# Fault Recovery


## Recovery from yellow state

The `yellow` state indicates the presence of unassigned replica shards.

**Query index status**

```
curl -s -XGET 'http://<host>:9200/_cat/indices?v'
curl -s -XGET 'http://<host>:9200/_cluster/health?level=indices'
```

**Query unassigned shards**

```
curl -s -XGET 'http://<host>:9200/_cat/shards?v' | grep UNASSIGNED
curl -s -XGET 'http://<host>:9200/_cluster/health?level=shards'
```

\* **Unreasonable index replica setting**

If the number of indexed replicas is set to be greater than the number of data nodes, leading to the cluster being in a `yellow` state, adjust the number of replicas to rectify the cluster status.

```
curl -XPUT \
http://<host>:9200/unassigned_index/_settings \
-H 'Content-Type: application/json' \
-d '{
    "index": {
        "number_of_replicas": replicasCount
    }
}'

# unassigned_index is the index of the unassigned shard
# replicasCount is the new number of index replicas
```

Under normal circumstances, unassigned replica shards will be automatically assigned and the cluster status will recover to `green`. Under special circumstances, it might be necessary to manually assign unassigned replica shards.

```
curl -XPOST \
http://<host>:9200/_cluster/reroute \
-H 'Content-Type: application/json' \
-d '{
    "commands": [{
        "allocate_replica": {
            "index": "unassigned_index",
            "shard": num,
            "node": "nodeName"
        }
    }]
}'

# unassigned_index is the index of the unassigned shard
# num is the sequence number of the unassigned shard
# nodeName is the node name, or can be the node ID, such as kVWViI1PQt2Bk2rP7PlrbQ
```

The cluster will attempt to allocate a maximum of index.allocation.max_retries time slices in a row (default is 5) before giving up and leaving the shard. This situation might be caused by structural problems, such as a analyzer referring to a stop word file that does not exist on any node. Once this problem has been resolved, manual retry allocation can be done by calling retry_failed on the [Reroute
API](https://www.elastic.co/guide/en/elasticsearch/reference/current/cluster-reroute.html), which will attempt to retry these shards once.

```
POST /_cluster/reroute?retry_failed=true
```

Worse cluster situations may result in unassigned primary shards. For manual allocation, refer to [Reroute](https://www.elastic.co/guide/en/elasticsearch/reference/current/cluster-reroute.html).

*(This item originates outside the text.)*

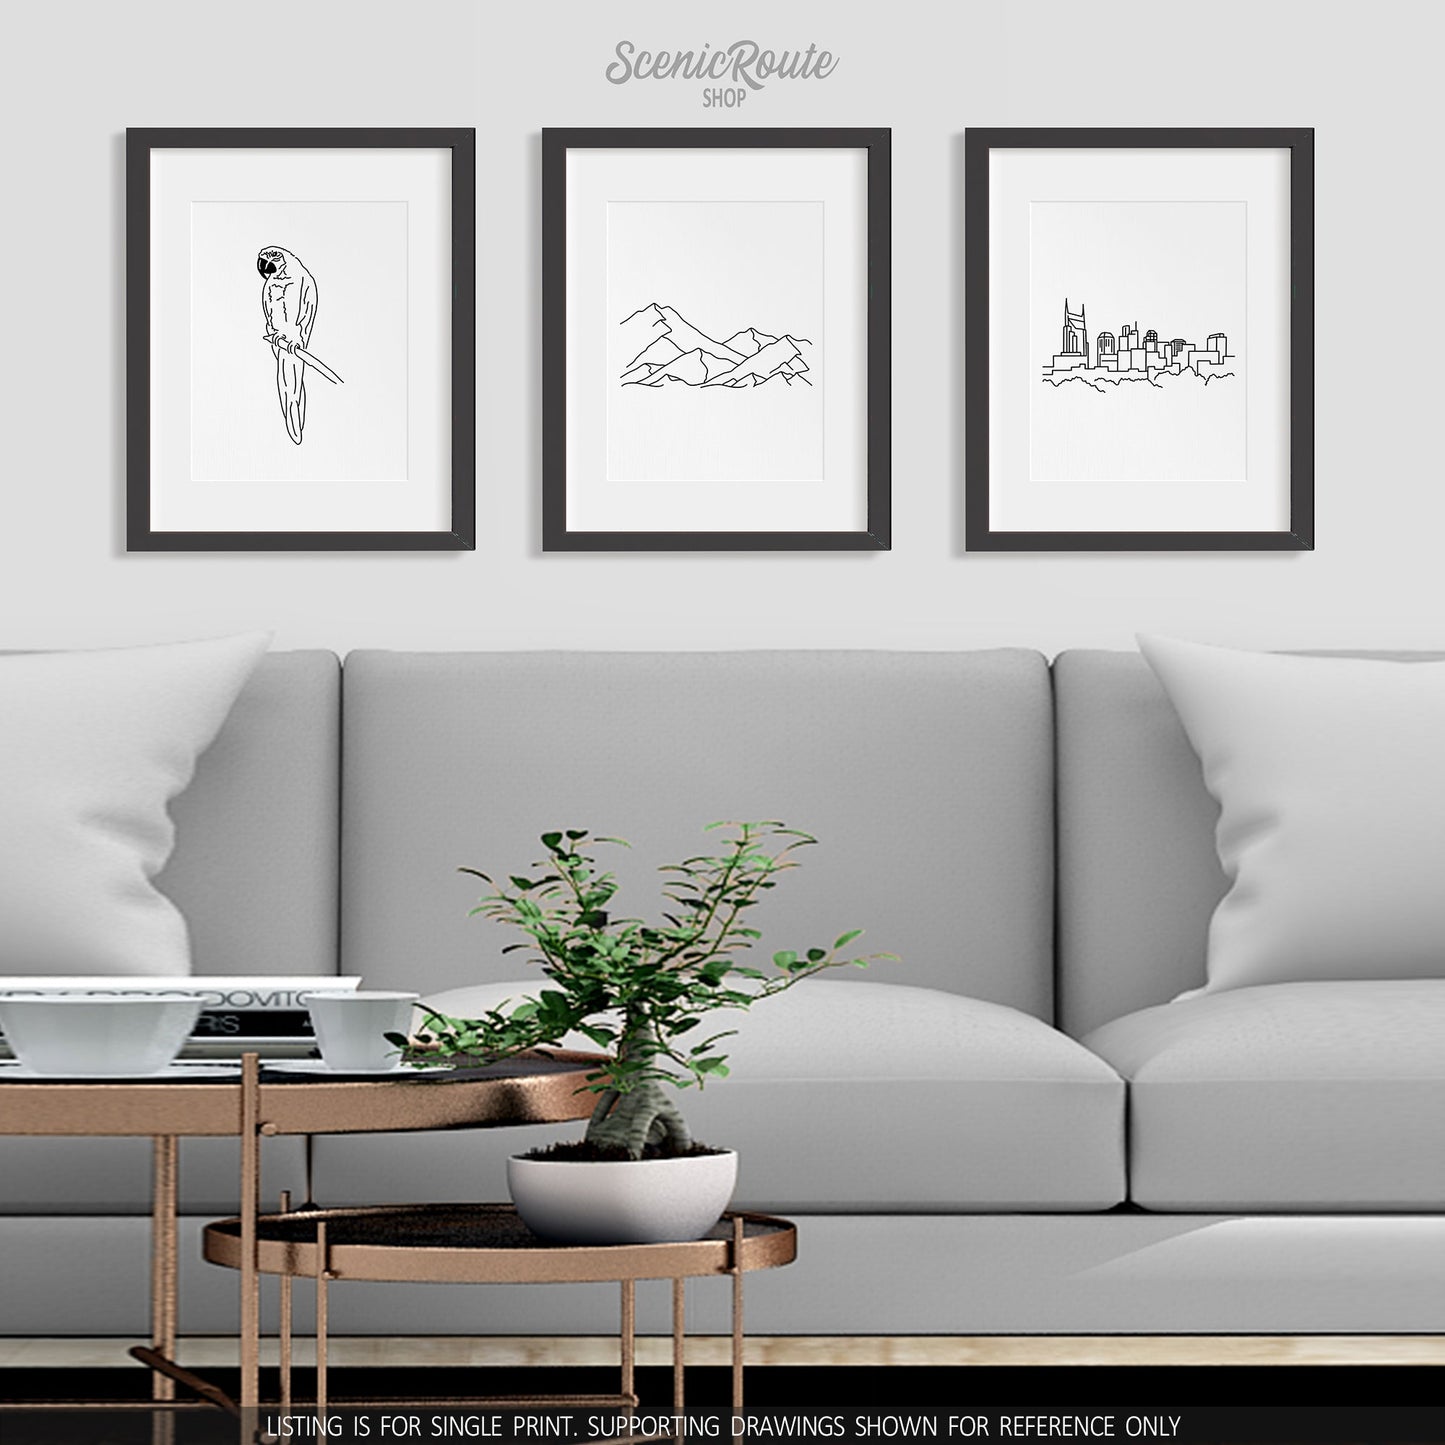 A group of three framed drawings on a wall above a couch. The line art drawings include a Parrot, a Mountain Range, and the Nashville Skyline

\* **Node disk usage exceeds threshold**

For the impact of node disk usage on shard allocation, refer to [Disk-based Shard
Allocation](https://www.elastic.co/guide/en/elasticsearch/reference/6.2/disk-allocator.html).

If high disk usage is causing the cluster to have unassigned shards, consider modifying the disk usage policy for temporary relief, or increase the number of nodes.

Additionally, if it is certain that some historical index data can be permanently deactivated, the cluster status can be restored by deleting such indices.